The “how” is also important, said Lifton. Questions that need answering include: Should we start with existing cohorts that were ascertained in the pre-electronic medical record era versus starting anew with a closed system such as the Veteran’s Administration (VA) health system? What to measure in everybody versus what to measure only in a fraction of people? In addition to a longitudinal cohort, should the cohort ascertain some people with incident disease, in hopes of learning something more quickly? There are also questions regarding privacy and how to make the data available to wide body of researchers.

Lifton explained that the process for assembling the national research cohort includes bringing together groups of experts. He reported that the working group has convened a series of meetings that have examined such issues as cohort design, what to measure, how to capture electronic health records (EHRs), and how to make sure that the EHR data is actually usable for the kinds of research that we want. EHRs were built for ensuring billing compliance and not built as a health record, per se, Lifton explained. The goal is for the working group to report out to the NIH ACD in September.

Todd Golub, MIT and Harvard University and chair of National Cancer Institute’s Board of Scientific Advisors, noted that with regards to cancer precision medicine, the emphasis is on optimizing treatment. He cited three significant barriers to the cancer precision medicine vision:

(1)    The need to learn from the world’s clinical medicine experiences by aggregating the data across many patients to make the connections. Currently, there is no mechanism to do that, Golub explained. It will require building the infrastructure and working on the culture of sharing patients’ information that respects the patient privacy.
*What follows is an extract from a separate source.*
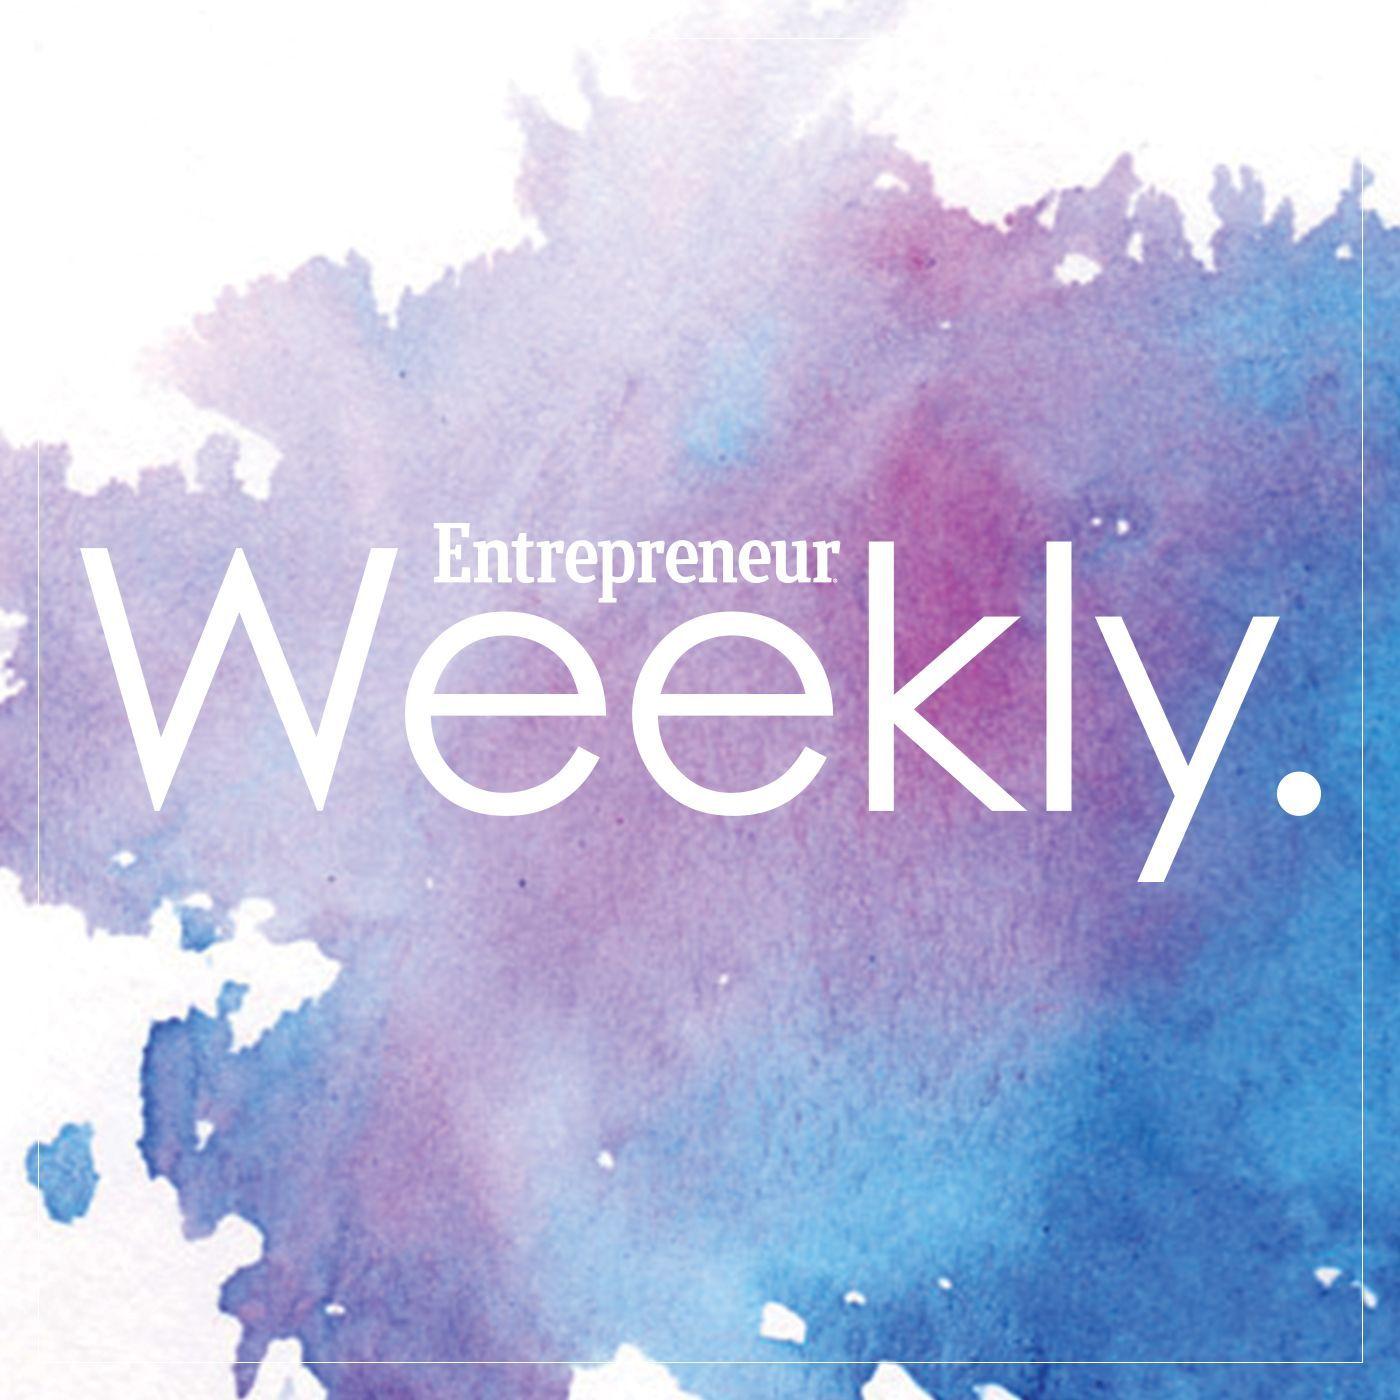 Heartland Newsfeed Radio Network: Entrepreneur Weekly (October 10, 2019)

(2)   The need to discover all of the cancer dependencies and relate them to the genome. Tumors have vulnerabilities related to the cancer genome; we need to know what those are. There is a need to create a complete dependency map which would allow doctors to infer therapeutic approaches.

(3)   The need for a healthy drug discovery drug delivery ecosystem, a therapeutic match of needs and drugs.

Golub concluded that he was optimistic and that we clearly should not wait until all these problems are solved before moving forward.